Wednesday, February 15, 2012

California Education Budget Deficits Balanced on Teacher's Backs (ContributorNetwork)

COMMENTARY | Education is looking anything but golden in the state of California. As Obama fights to reform higher education, and California Governor Jerry Brown struggles to balance a deficit budget, school districts, teachers, parents and voters face some very tough decisions in the next month.

In communities all across California education is in a crisis. With the state sending IOUs for the last several years to attempt to correct the downward spiraling budget mess, school districts have been scrambling to create 'Band-Aid' plans to close their budget gaps. Retirement incentives, teacher and employee concessions, property taxes, and fundraising donations have all helped keep schools afloat, but I fear that the time has come when we just cannot swing it that way anymore.

According to The Davis Enterprise, nearly 137 teachers will receive layoff notices on March 15-equating to nearly 30 percent of the entire teaching population in the school district. California mandates that school district issue layoffs by this date; if not notified, teachers are due to be rehired. Teachers like me, who have dedicated their entire careers to educating our community's children, will now have budgets balanced on our backs.

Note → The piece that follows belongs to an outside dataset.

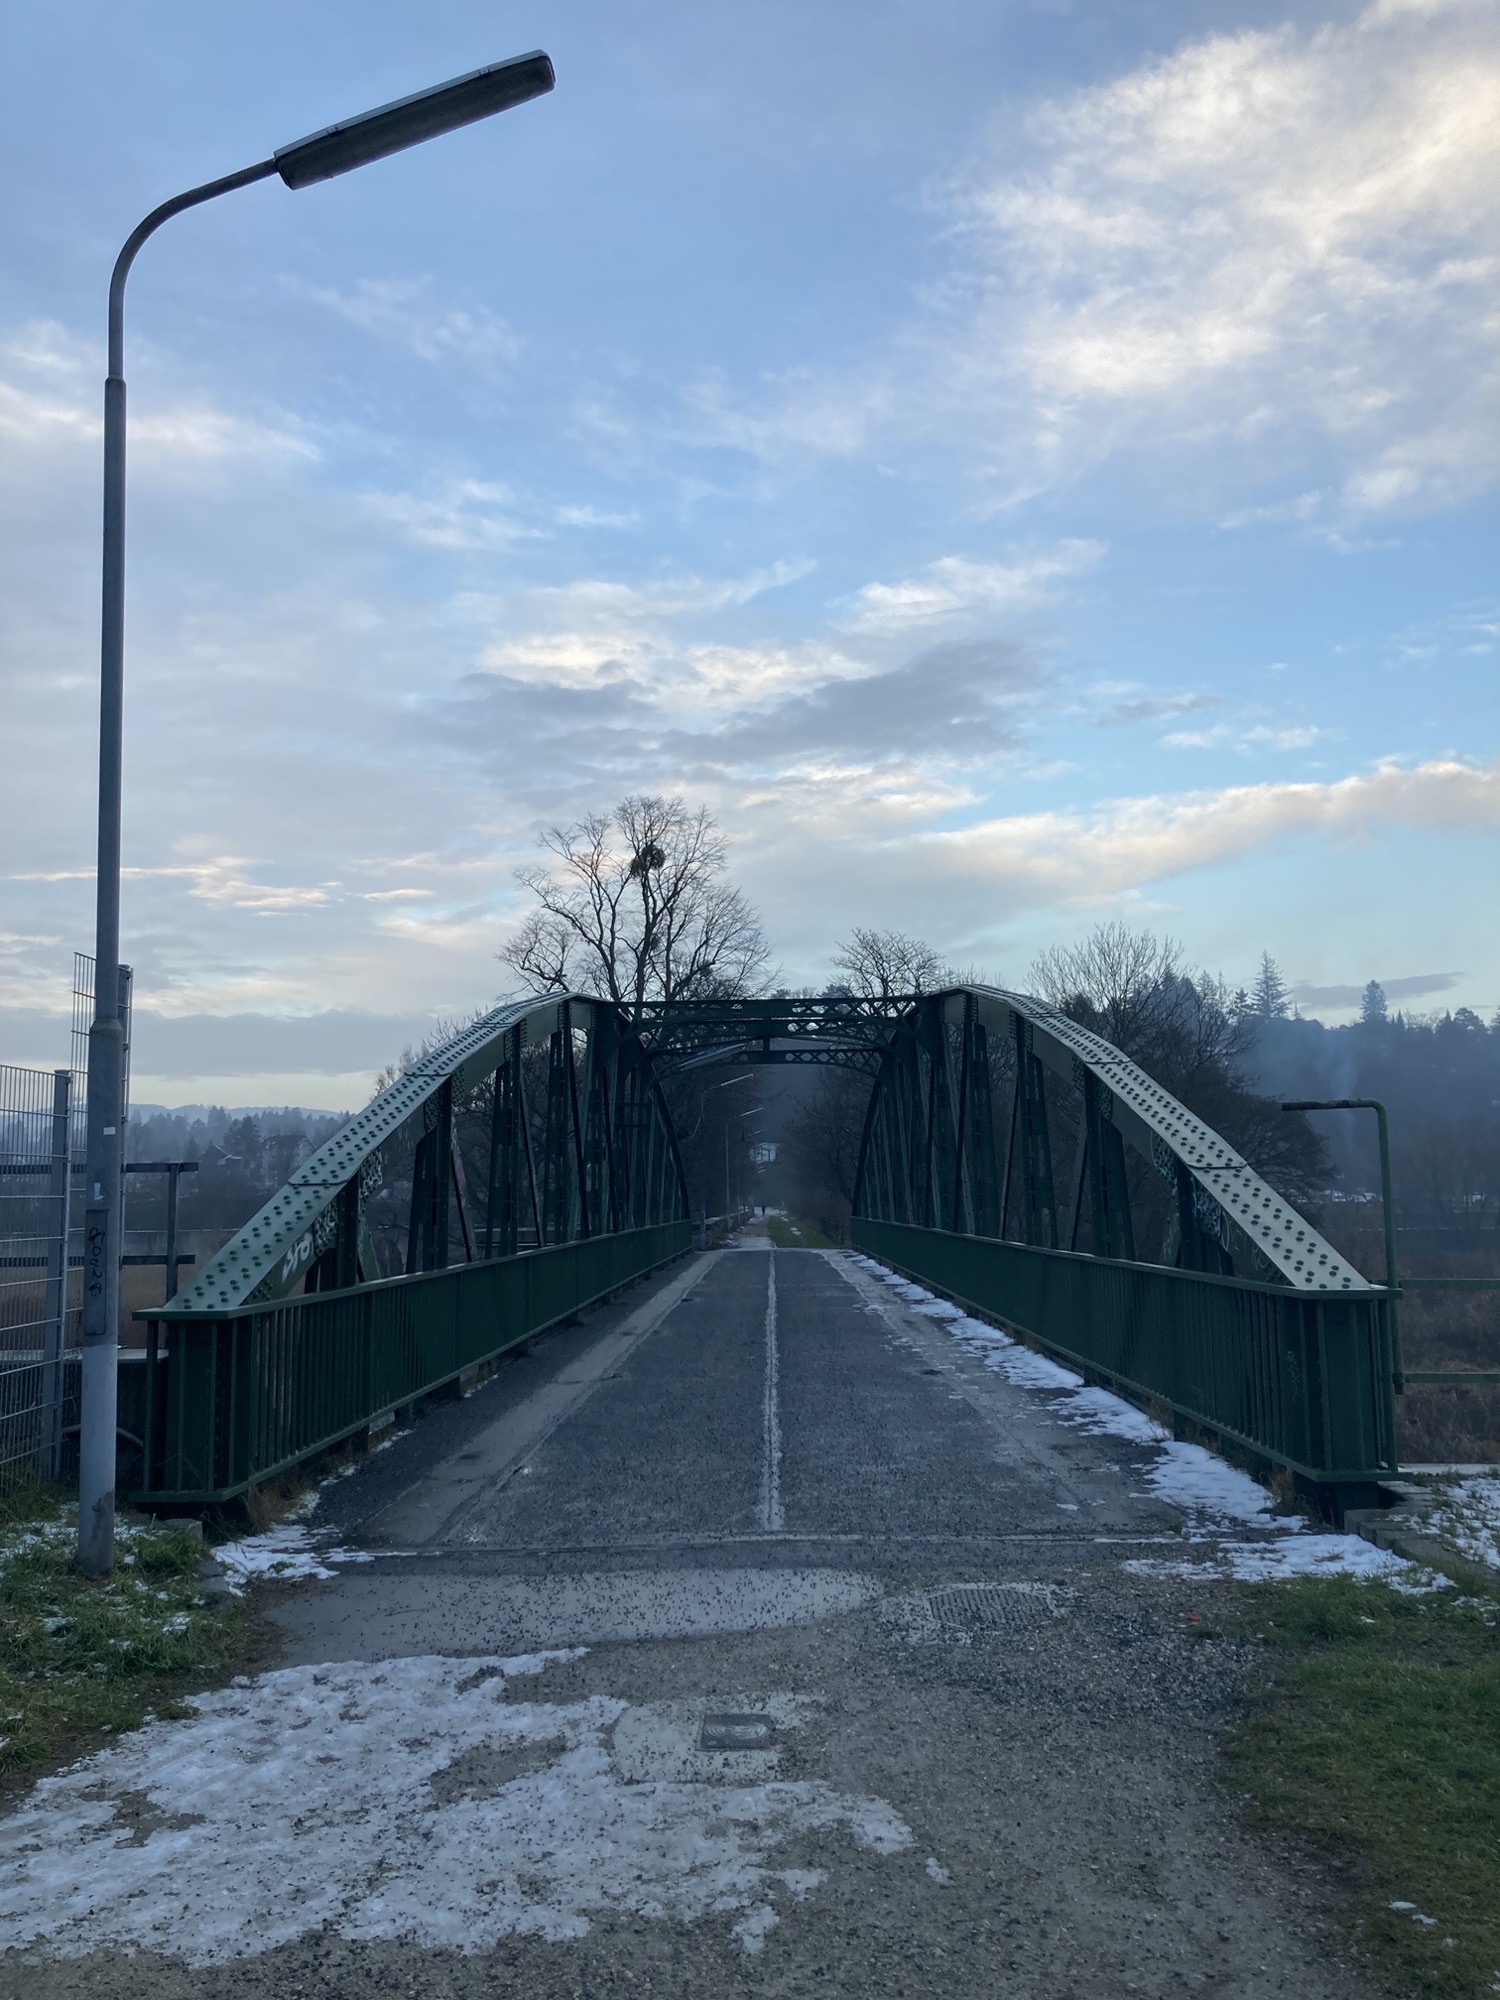 Brücke über den Wienfluss, grüne Metallkonstruktion an den Seiten, leicht bewölkter Himmel, düstere Stimmung, einzelne Schneeflecken am Boden

Of the three options outlined by the Davis Enterprise to close the district's $3.5 million deficit, all include some sort of salary cutback for teachers. Over notifying teachers results in undue stress, loss of productivity and the likelihood that some teachers will look for other, more secure jobs. Everyone knows teachers are not in this profession for the money, but do we really have to be the ones to always feel the pain?

While elective and secondary teachers (me included) are not escaping the chopping block, hardest hit this round will be elementary school educators. California's class size reduction program has allowed elementary schools to run smaller classrooms K-6th grade, the logic being that a smaller student to teacher ratio will improve instruction and student learning. However, for many school districts facing devastating cutbacks, this effective program is up for elimination. Forcing elementary school teachers to be spread more thinly will certainly result in further kids falling through the cracks-especially in reading. Those educational deficits will remain. Many children, who fail to become strong readers by third grade struggle through their middle and high school grades, develop 'behavior problems' and fail to graduate and/or meet college admissions requirements.

Sounds dire? Well, it is. Our country needs to find a better way to solve our education crisis than directly targeting those who are on the frontlines-our teachers and our students. Telling educators to learn to do 'less with more' is insulting. I invite those critics to spend a day in my classroom with 30+ teenagers trying to improve their reading and writing skills while battling puberty, social insecurities and the pressure of college admissions.

Issuing layoff notices to the very people who are toiling every day to improve the lives of our children is not the way to go. The children still need to be educated. California, you can do better.